Note that, if you do not have a cluster assignment in your mapping file, you could use our Robust Clustering procedure, also provided with MDPbiome sources. This will compute a good performing set of clusters based on several metrics. If the process doesn't find clusters it returns -1. If the process succeeds it will append a "cluster" attribute to the sample data of the phyloseq object.
source("robust.clustering.metagenomics.functions.r")
clus.results <- robust.clustering(data.norm, "age", "Ballou2016")
data.norm <- robust.clustering.decision(data.norm,clus.results,"age","Ballou2016")

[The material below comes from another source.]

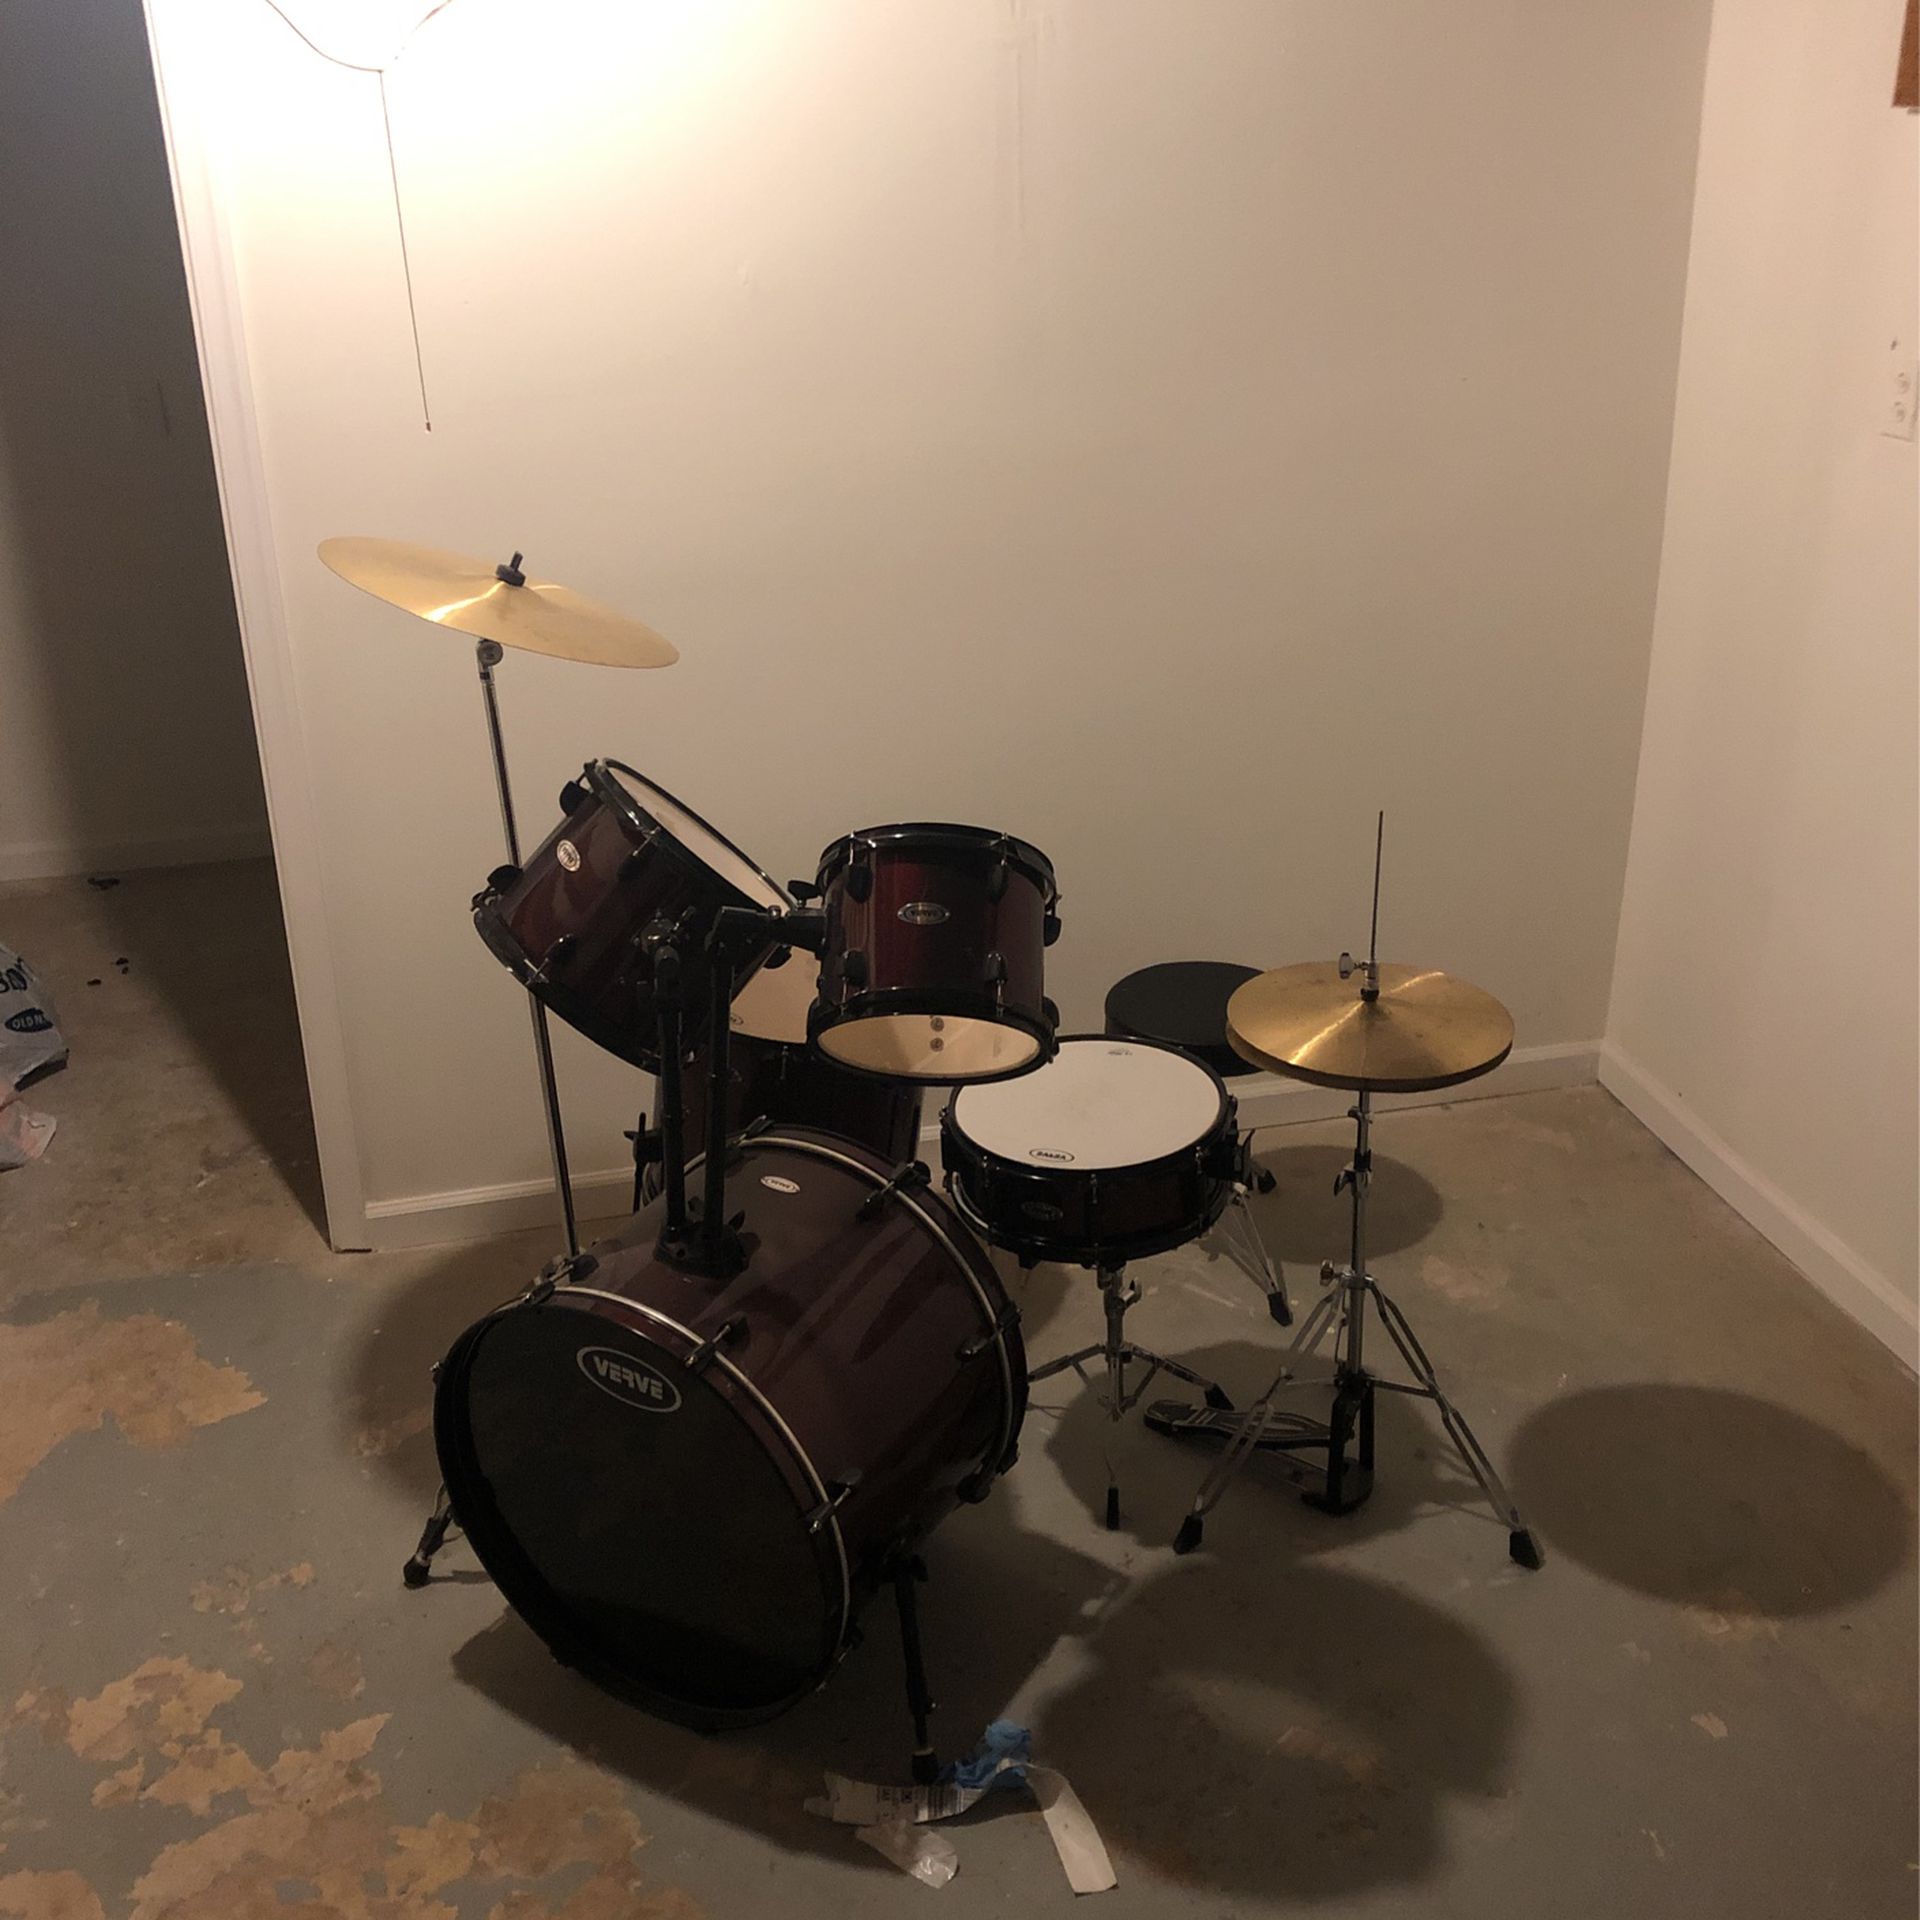 Used Verve Drum set

For output generation we recommend to have short names for MDP actions (distinct values of perturbation). In some cases this implies additional pre-processing of the mapping data, for instance, renaming as "yes"/"no" the occurrence of a perturbation in a sample. For simplicity we omit these steps, since they are not strictly necessary. This is also the point where you may want to create a combined perturbation, for instances appending the labels of two single perturbations.
Then, you should specify the set of perturbations and the required variables
# the set of perturbations
Perturbations <- c('Combined','Salmonella','Probiotic')

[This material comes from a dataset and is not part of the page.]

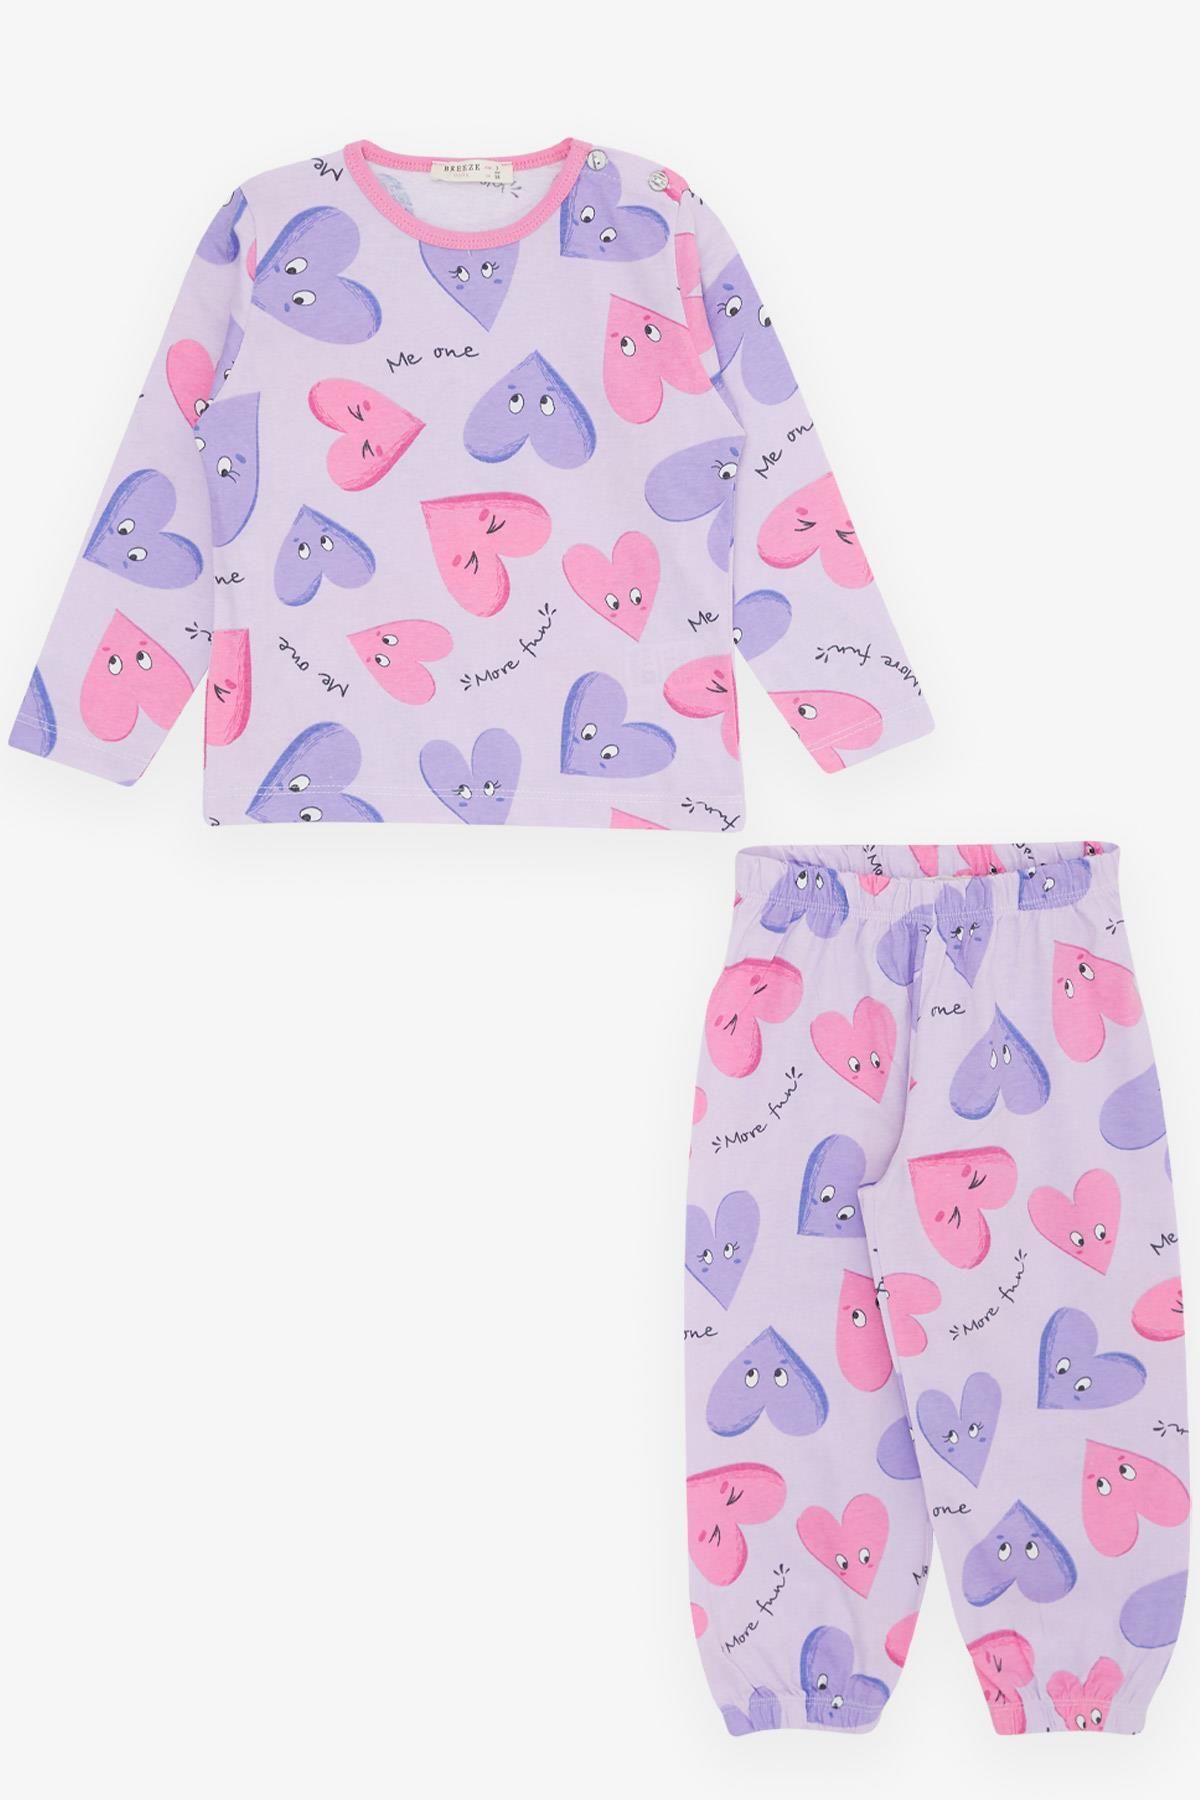 Breeze Kız Bebek Pijama Takımı Sevimli Kalp Desenli 9 Ay-3 Yaş, Açık Lila

# sample attribute for time points
stepVar <- "age"
# sample attribute for subject
subjectVar <- "Subject.Id"
# default utility function
goalVar <- "diversity"
Finally, you need to set a path to the location where output files will be generated. The createTreeDir function prepares a directory structure considering perturbations and high-level functions
dirdata <- "../Data/Example/"
createTreeDir(dirdata,Perturbations)
We describe here the high-level functions of the system. To see examples of the output you can expect, please check the pre-computed results presented in MDPbiome results
This computes the optimal policy for the given data, and performs a "Monte Carlo"-like sampling experiment to determine the stability ratio for the policy and by each individual action. By default, the alpha-diversity criteria is used to determine the reward function.
mdpBiomeBase()
Alternatively, you can provide an attribute indicating the goodness of the sample. The per-cluster average of this attribute can serve as the utility vector U(s), which is the basis for reward schemas.
mdpBiomeBase(utilityVar="altDiversity")
This computes a leave-one-out cross validation to determine how general policies are when they are prescribed to subjects not included in the modelling data. The performance is measured comparing the outcome when subject follow or not the proposed optimal policy
mdpBiomeLoocv("preferGood",goalVar = "diversity")
In this example, we select the "preferGood" reward schema and use the alpha diversity as a criteria for assigning utility to the clusters.